Has political correctness gone mad?
So what about if The Fixer, Alexi Polizzi, said to one of the struggling business owners she was trying to rescue, after he had showed her his shiny new plant machinery: "I know, darling, I mean, men have a lot of perverted desires but yours is possibly the sickest".
What would happen then? Well this is exactly what Polizzi said to the male owner of a Devon microbrewery this week and nothing happened. The BBC broadcast this comment on 1st September 2014, during the opening episode of the latest series of The Fixer and I have yet to spot a single raised eyebrow amongst the nation's self-appointed guardians of moral correctness.
Let me pin my colours to the mast here. I'm not an anti-liberal traditionalist who thinks that political correctness has gone mad and needs to be chucked in a straightjacket and locked in a padded cell for its own safety. I happen to have great respect for the good intentions (you know, those things the road to hell is paved with) behind attempts to promote worthy concepts like equality, diversity and tolerance.
What I can't tolerate is hypocrisy.
I'm not a fan of UKIP, for example, but if Godfrey Bloom had said to a female acquaintance "women have a lot of perverted desires but yours is possibly the sickest" it would have been front page news. Yet when a woman says it about men, nobody bats their hypocritical little eyelashes.
I'm not a regular Top Gear view, but if Jeremy Clarkson had travelled to Mexico to meet a collector of Triumph Dolomites and told him: "Mexicans have a lot of perverted desires but yours is possibly the sickest", there'd have been complaints from the Mexican embassy, opinion pieces in the liberal press and left-wing comics would be performing acerbic satire about the issue. Yet there are no ambassadors, columnists or comedians talking about the woman who labelled men as perverts.
I'm no apologist for sexist sports commentators like Andy Gray and Richard Keys, but if they interviewed a gay couple from Fulham who supported Fleetwood Town and concluded: "lesbians have a lot of perverted desires but yours is possibly the sickest", they'd be in for the high jump, the sack an the firing squad all in the same day. Yet when a woman says it about a man, she's not even subject to a gentle verbal warning.
Does equality mean treating people equally?
If you believe in people being treated equally then one of two things is happening here, either we're being oversensitive about what we can say about women, black people, gay people and so on, or we're being under-sensitive about what we can say about men.
Taking the view that it's the latter, let's consider why it wouldn't be appropriate for a BBC presenter to say that women or blacks or gays "have a lot of perverted desires". The reason, quite simply, is that while "some women", "some blacks" and "some gays" may well "have a lot of perverted desires", it clearly isn't the fact that "all women", "all blacks" or "all gays" are perverts and to say so is not only inaccurate, it's also offensive.
So why is it okay for the BBC to suggest that all men are perverts? It can only be for one of two reasons. Either the BBC believes it is factually accurate to say "men have a lot of perverted desires" or they simply don't think it's offensive because men and boys, unlike women, gay people, black people and every other "special interest" group you can imagine, are not worthy of protection or concern.
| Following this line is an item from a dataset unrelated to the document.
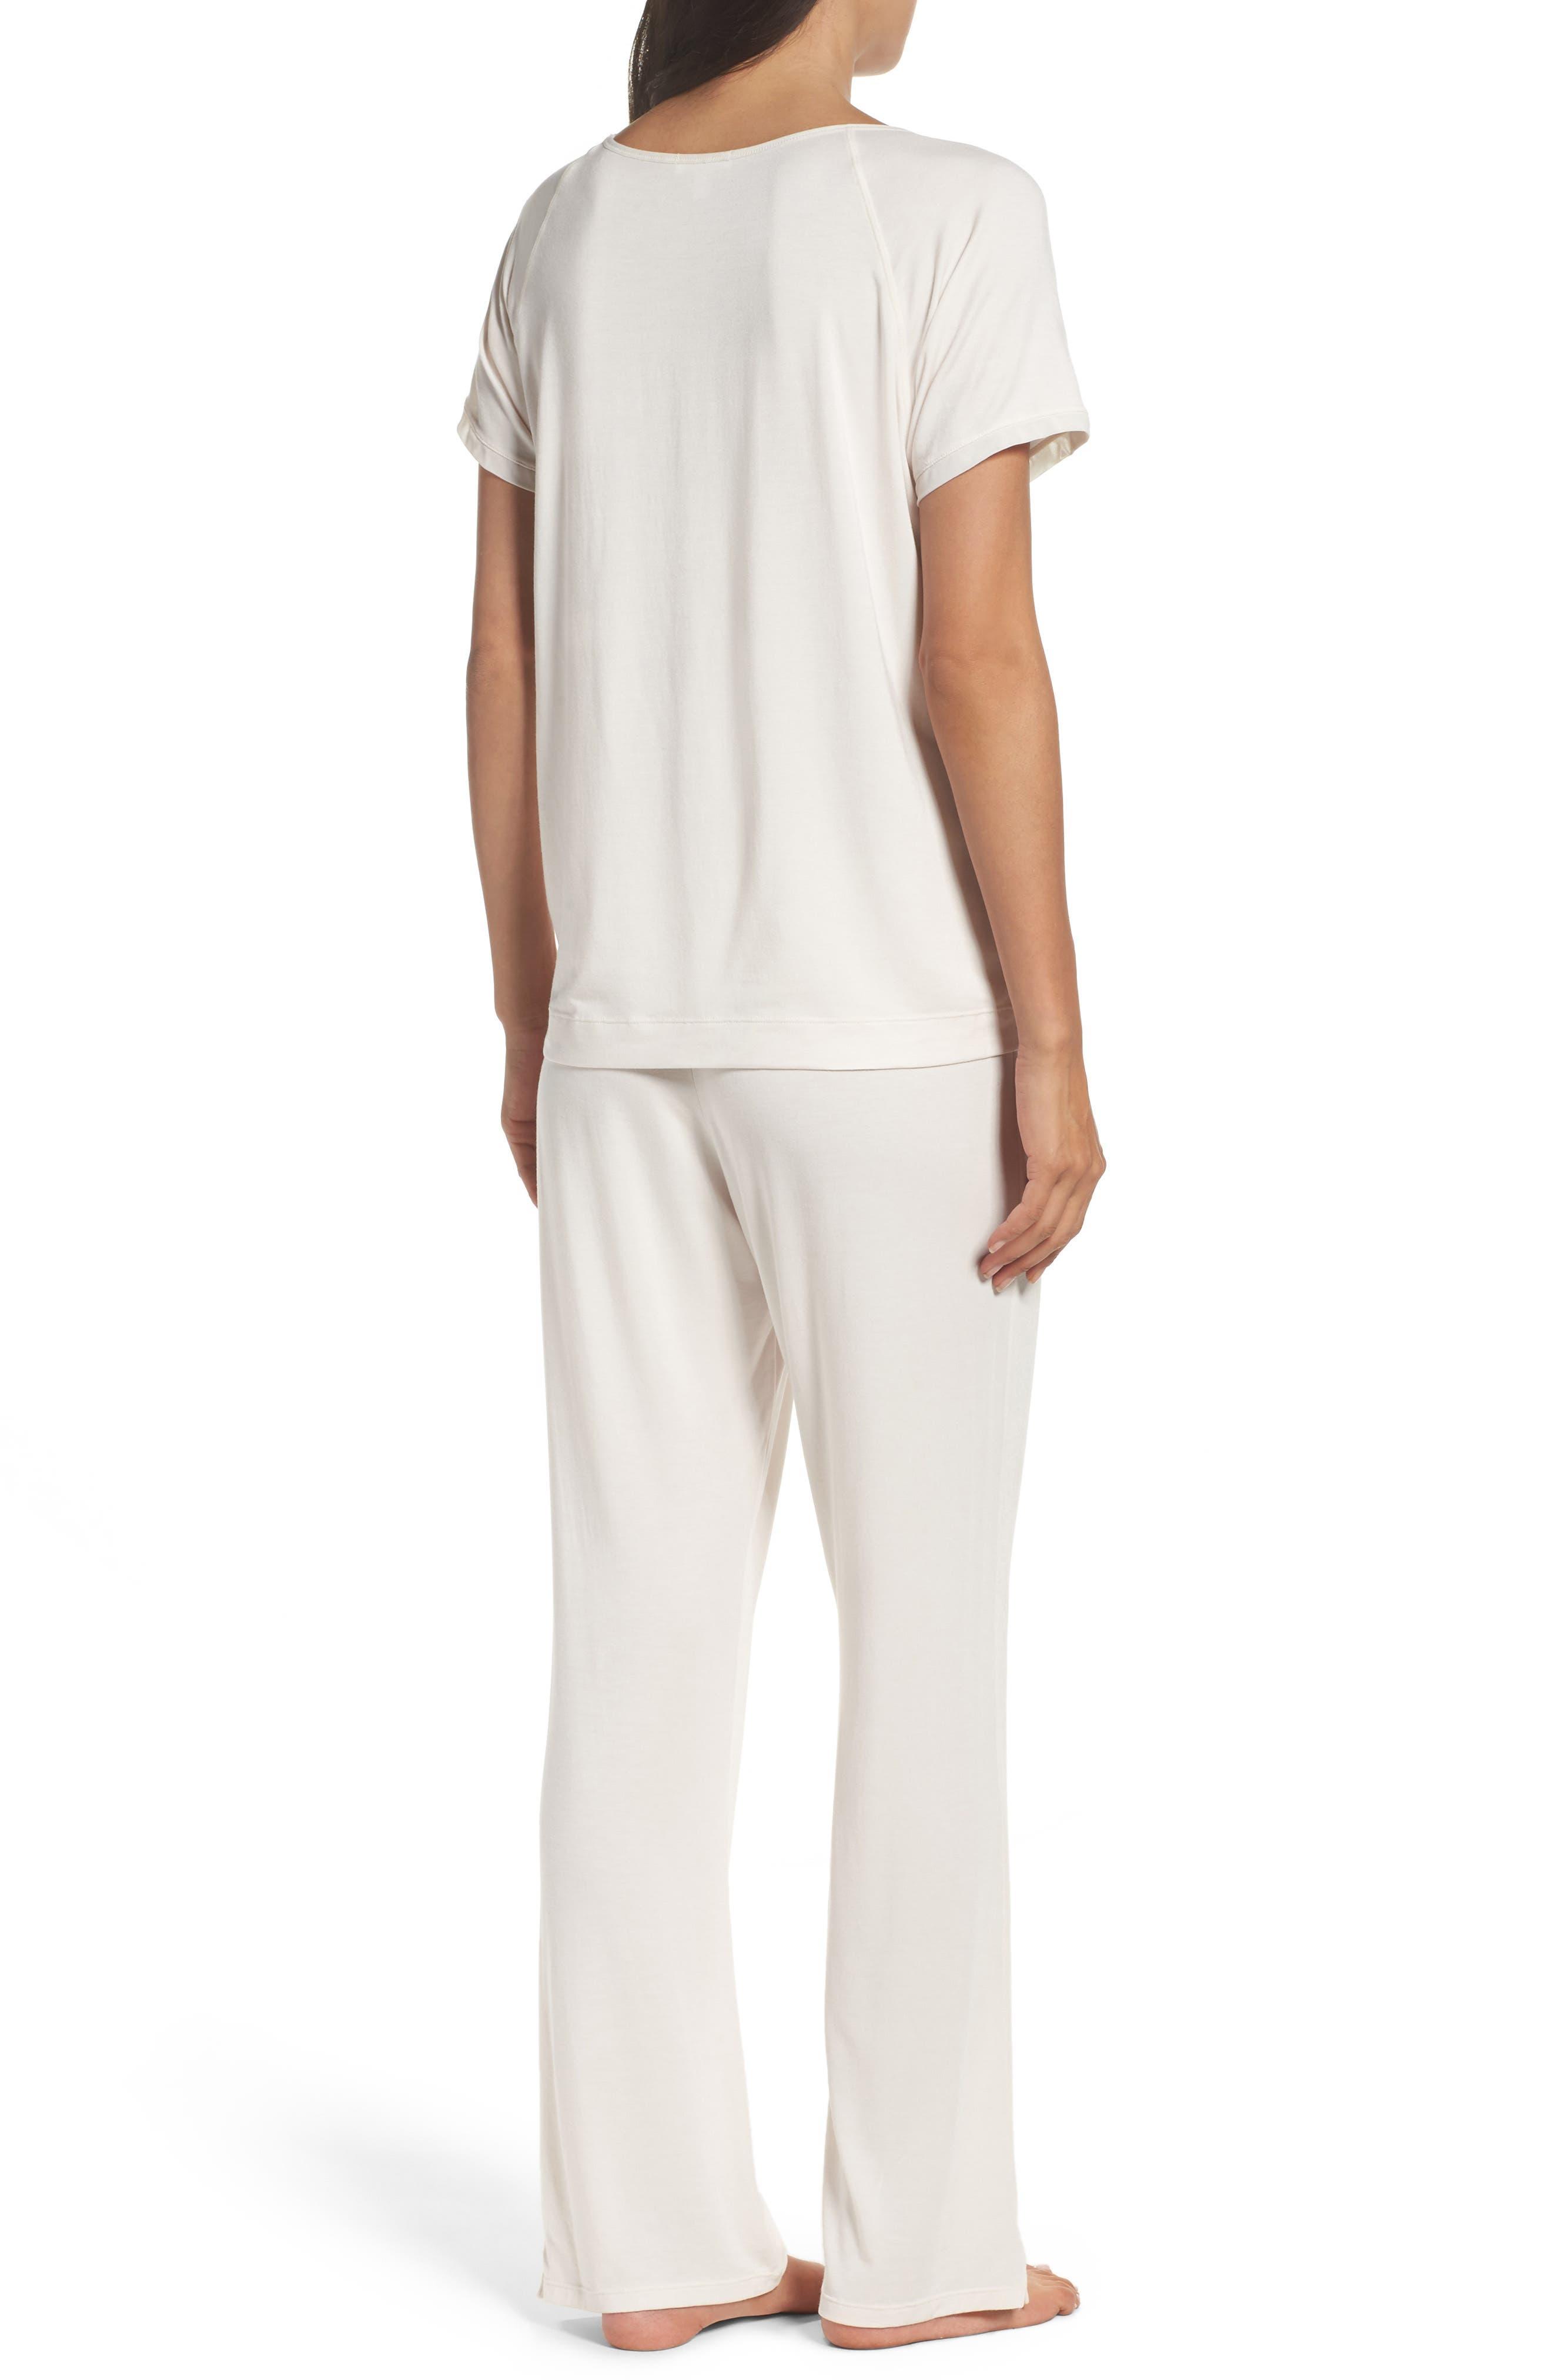 Alternate Image 2  - Naked Stretch Modal Pajamas
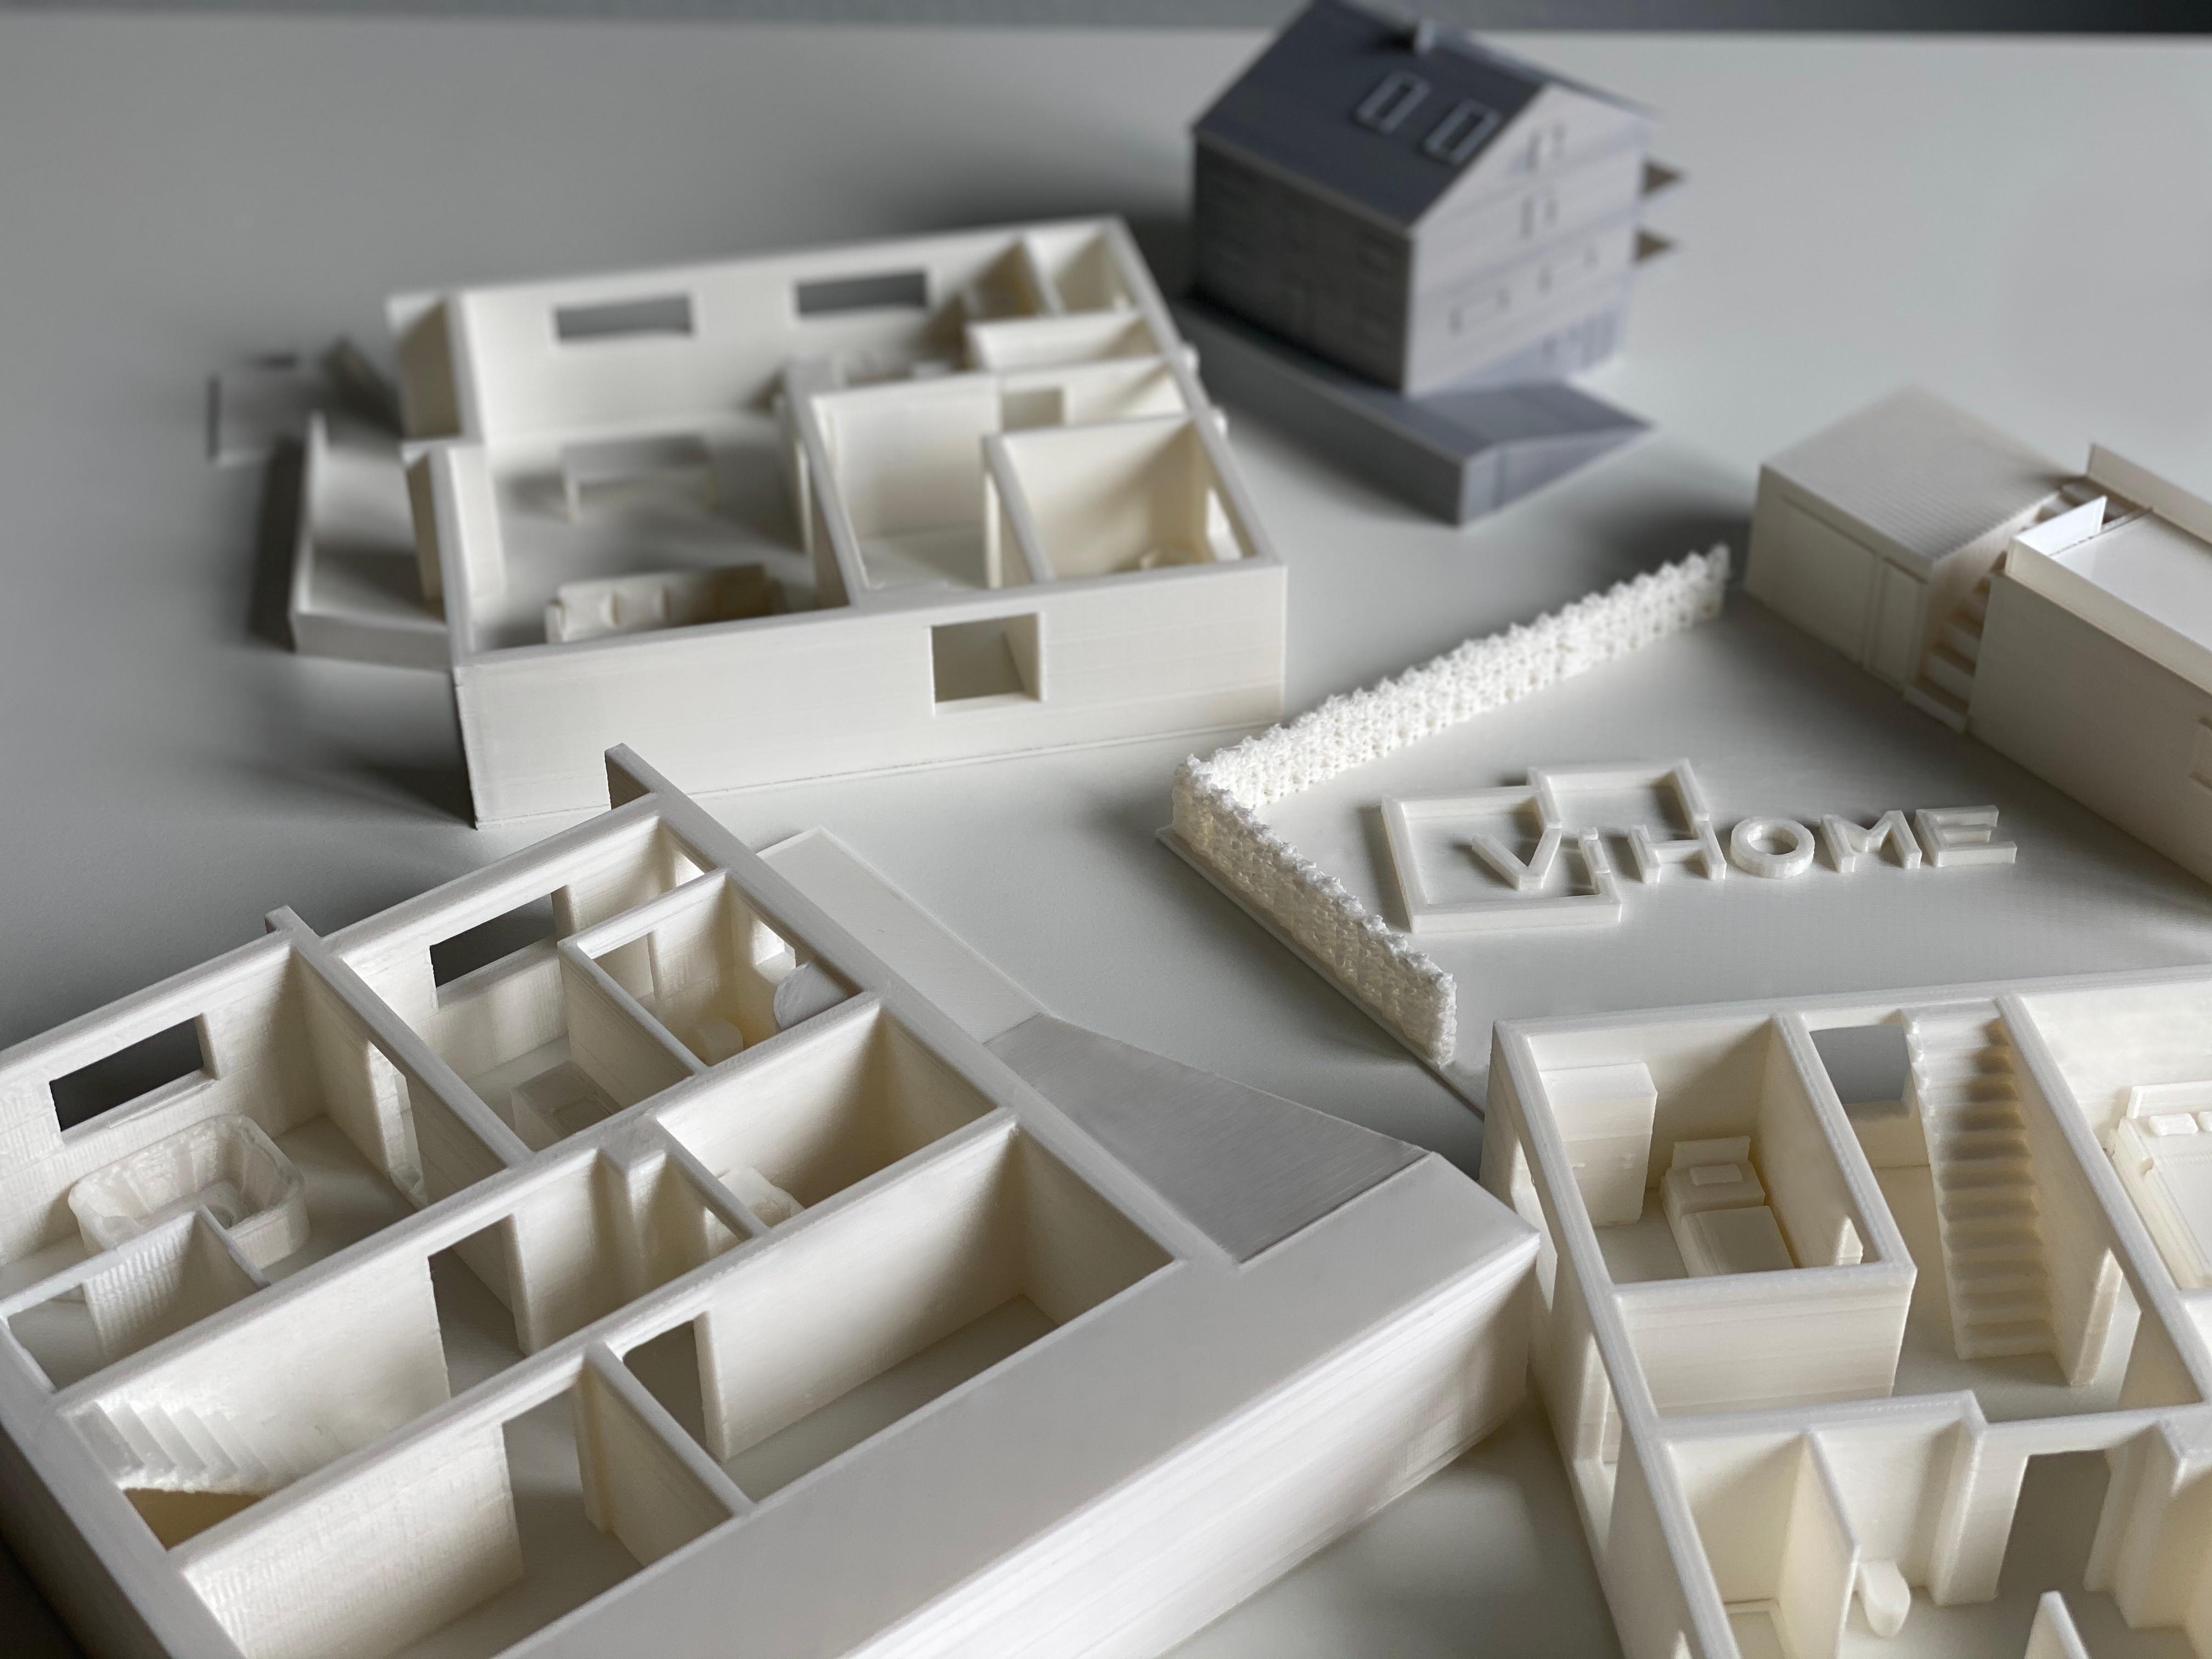 ViHOME 3D Druck Werbung.jpeg

Under the Equality Act, the category "sex" (and that includes men as well as women) is a "protected characteristic" and the BBC has a duty to protect men from being treated unfairly because of their sex and to foster good relations between people of different characteristics, eg men and women, different ethnic groups and people of all sexualities.
It may never be possible or desirable to treat all people equally, but we should expect the BBC to treat all people equitably. By tolerating the inequitable treatment of a group as large as men and boys (which includes males of all ages, ethnicities, sexualities, religions and disabilities), the BBC is fundamentally failing in its duty to foster good relations between men and women (both those who have perverted desires and those who do not).
Have your say:
Readers who have access to BBC iplayer, can view the comment here (it's at the nine minute mark) and decide if you want to notify BBC complaints. If you see examples of casual sexism against men in public life or popular culture that you think we should write about please let us know at insideMANeditor@gmail.com.
Article by Glen Poole author of the book Equality For Men
- Early Learning Centre apologises for sexist tweet ridiculing dads
- Why does Sky's comedy series 'Chickens' think it's funny to humiliate men who didn't fight in WW1?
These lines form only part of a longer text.